Thank you very much for such a comprehensive reply...I will take the advice and do some research on my own to gain some more knowledge on these subjects


For now, I will stick with a 12 or 24db slope to minimize the phasing issues... I rarely us 6db and I never use 18db anyways. Im the kind of person that always tweaks stuff...even after I have it how I like it...so im no stranger to frustration when it comes to car audio tuning.

Proper TA is what Ive actually been trying to achieve for some weeks now. I started out using the IMPRINT tuning software, but I like how I can get everythng centered and sounding more "full" if I do the manual alignment. Lately, I've been going on what sounds good to me rather than what the exact speaker distance measurements are...but I notice that I have to tweak some settings MUCH more than originally measured. As an example, it looks weird TAing the FR to 40 inches more than any other speaker in the car, but to me, it sounds better. 

Most people say I want the LF with the most delay, but its the RF that has the clearest path to my ears.. plu im running 2ways AND the factory tweets up front so im sure that has something to do with the speed in which the higher frequencies reach my head. 

Im convinced this will be something Im always going to be toying with and its hard to enjoy the music until I know that im hearing it "correctly" if that makes any sense. But then again, some audiophiles would say that is where the fun comes in. I think Im starting to see it!


----------



## MarkZ (Dec 5, 2005)

randysicko said:


> Thanks for the info! Now I'm wondering if the xover frequency point plays into this phase shift as well. I'm hoping not though because that would make for a lot more variables. So seeing that 12db would require a reverse phase setting... would that mean 6db and 18db will be out of phase no matter if I have it set to "normal" or "reverse"? Also, are there slopes that tend to work well together for sub, rears and fronts?
> 
> I started reading about 90/360/etc. degree phase shifts, time delays, negative midrange responses.... head is sort of spinning now


It's not that easy. Although the speakers will be playing in phase if you reverse polarity on a 12dB/oct crossover, it may not arrive at your ear in phase. Especially if you haven't properly set your time alignment settings. And if you underlap or overlap your crossover points, you misalign the phase between the two speakers anyway.

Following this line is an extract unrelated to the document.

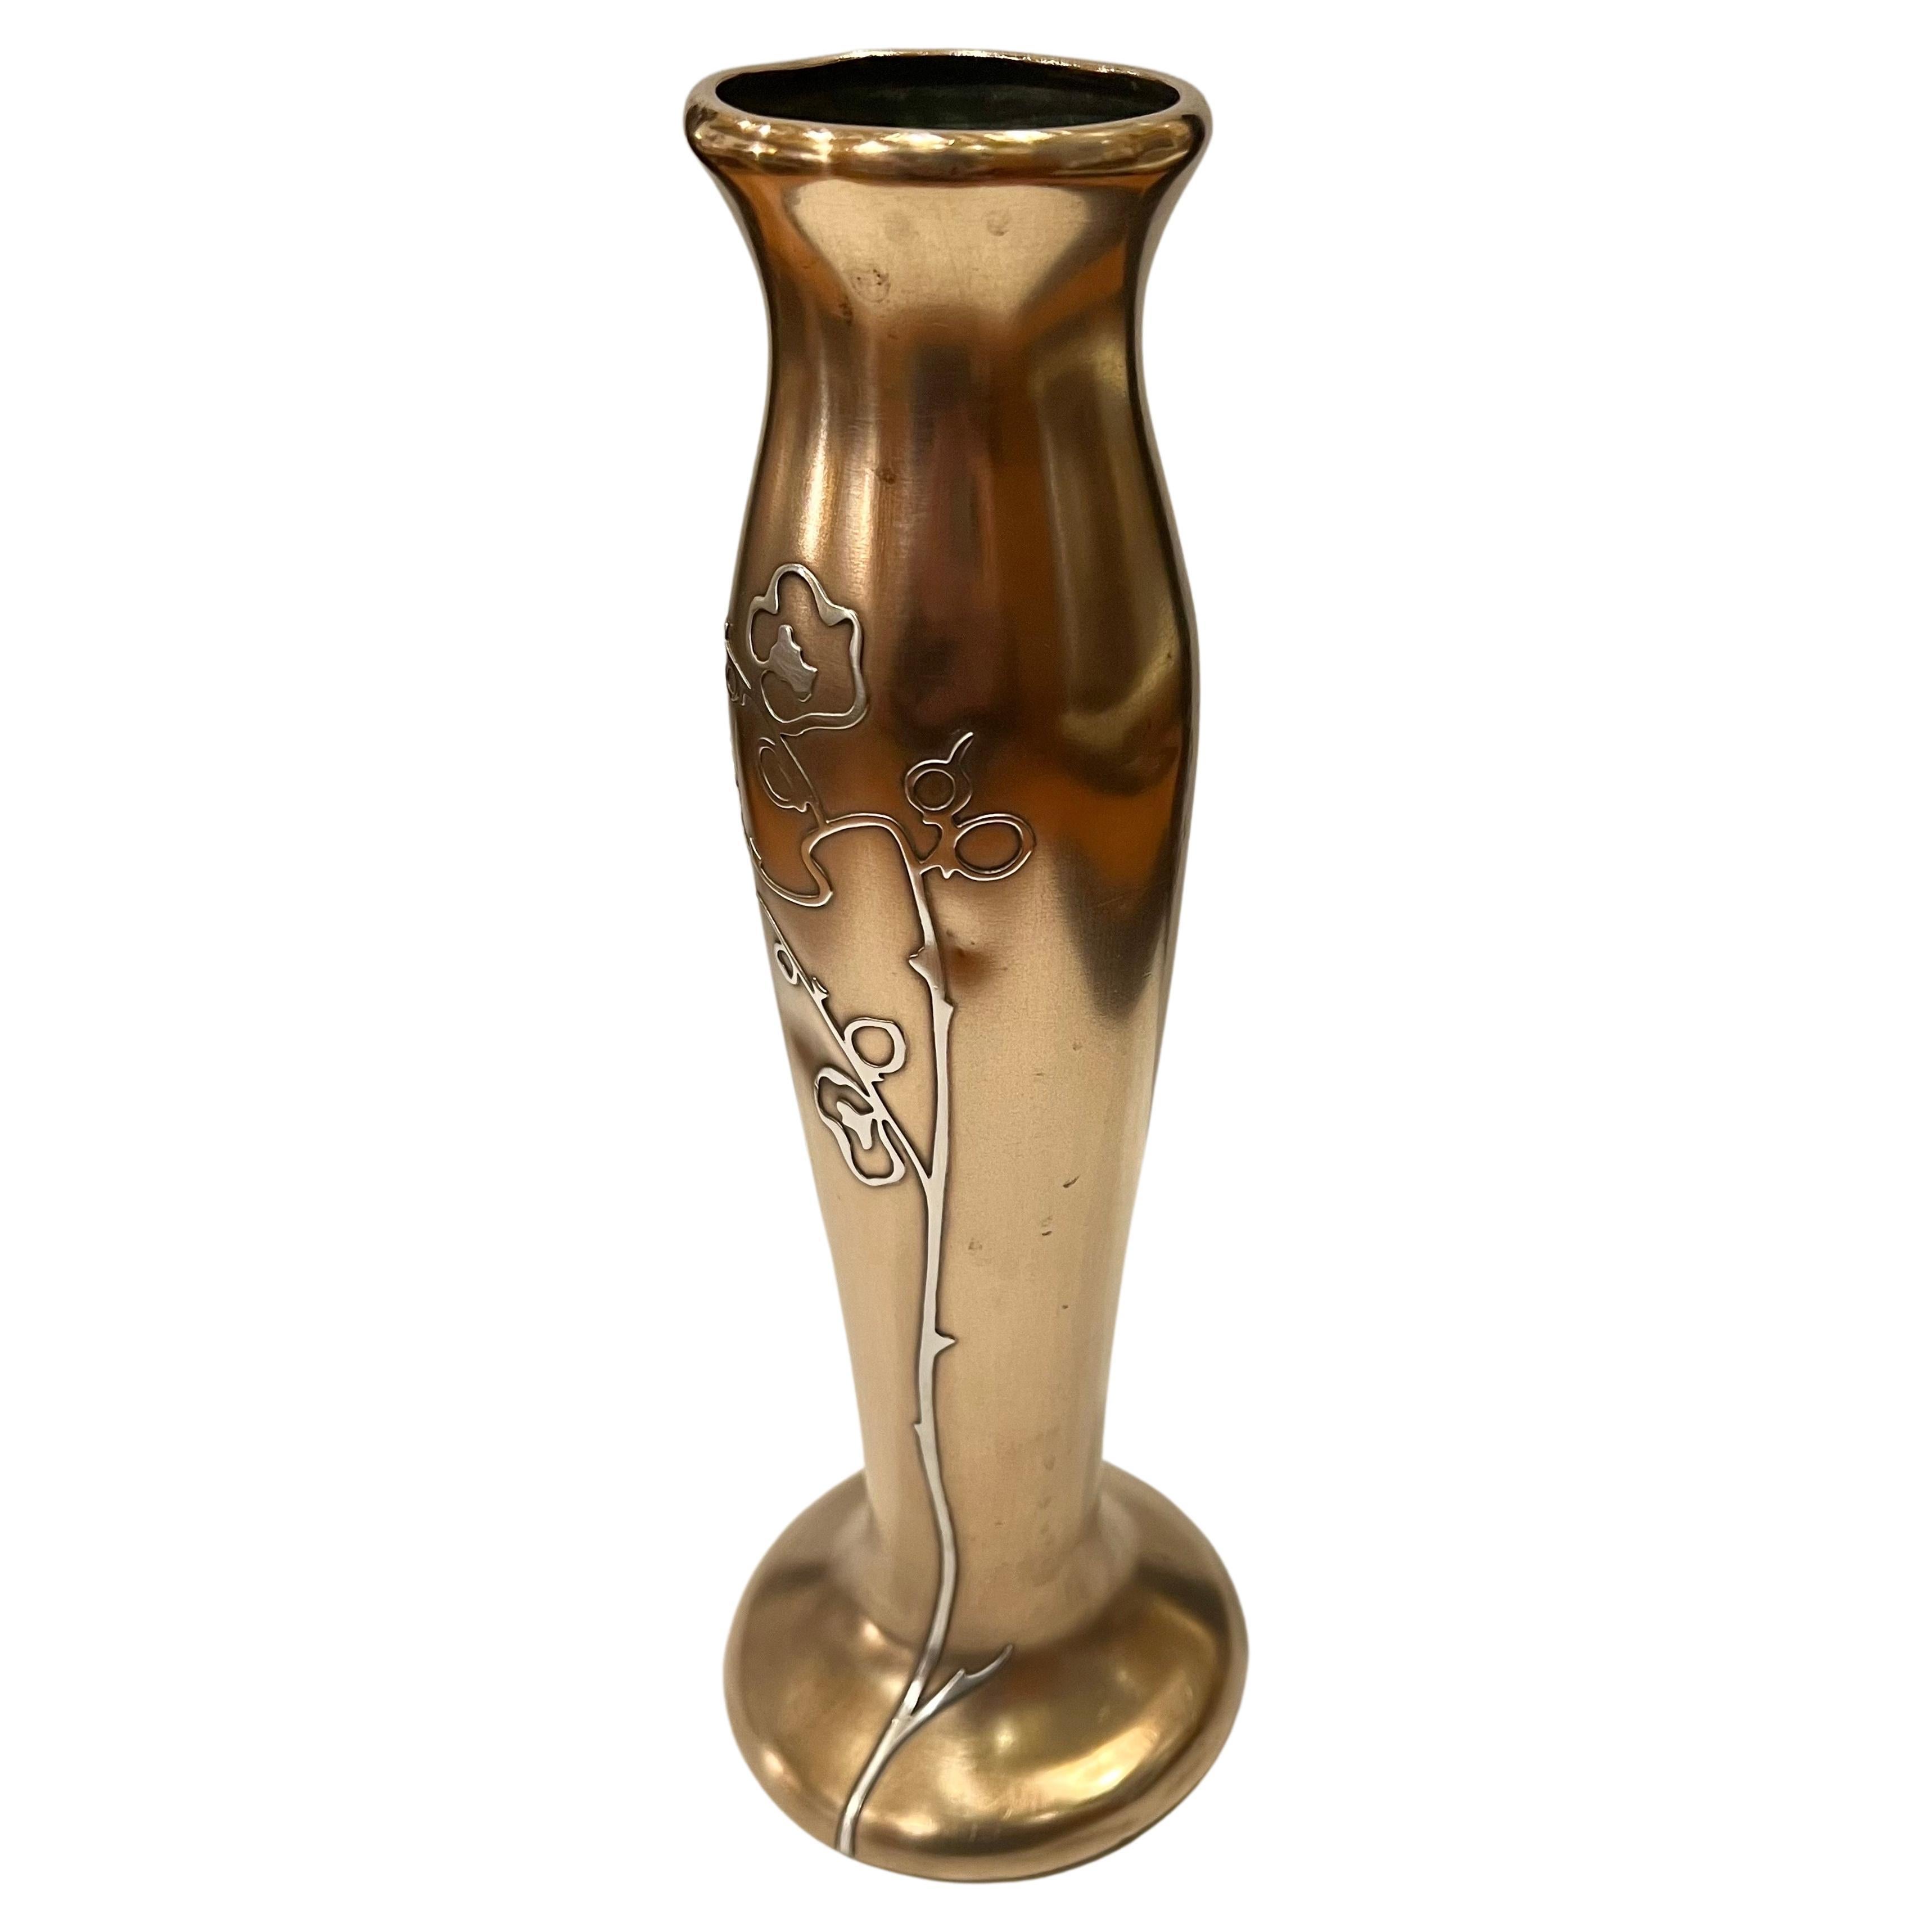 This vase was designed and handcrafted by the artisans at Heintz Art Metal Shop circa 1915. hand forged in bronze, the vase has a conical shape with a flared base and lip. A delicately articulated allium with a sinuously curved stem and leaves is

Keep playing with the settings. If you're having trouble, start from scratch -- time alignment first, then crossover and polarity. Seek out someone with an RTA once it starts driving you nuts.


----------



## DarmoZ (May 20, 2016)

This was a good read, I too am discovering the joys and frustrations of tuning, months of fiddling (changing slopes on the HU, switching sub phase on HU, pulling my crossover out the door and trying all combinations of polarity shift).

But last night, I put all speakers back to the default of wired in phase, and then set the HU crossover at 24db slope...WOW everything sounds as it should now.

At 80hz crossover i get more clean punchy mid bass from the 24 then I do from the 12 or 18 even though they allow more low frequency to pass. before when using 6, 12 and 18 something always felt 'missing'. This must be because of the Phase because it sound correct now at 24db.

The way that I realised is by playing the Song 'Rio' by DJ Netsky at 3:17-3:20 there is a fast mid bass beat, this is mid bass because it only comes from the front and never the subwoofer (unless LPF is super high). Listen to this segment of the song over and over at the different Crossover slopes. Intuition tells you that the beat will have less punch as you move up into steeper slopes for High Pass (feeding less bass) and this is true, but when you reach 24 you should hear and hear it much more punchy and clean than the other slopes, as if the song has been restored!

Might not be the best or scientific way, but it worked for me and now every song of every genre sounds good now, no more fiddling with settings!

FYI: I use a Alpine HU, 4 channel amp to power the Components in the front (passive) and Coaxial in the rear, Sub is a JL Microsub+ (amp built in).


----------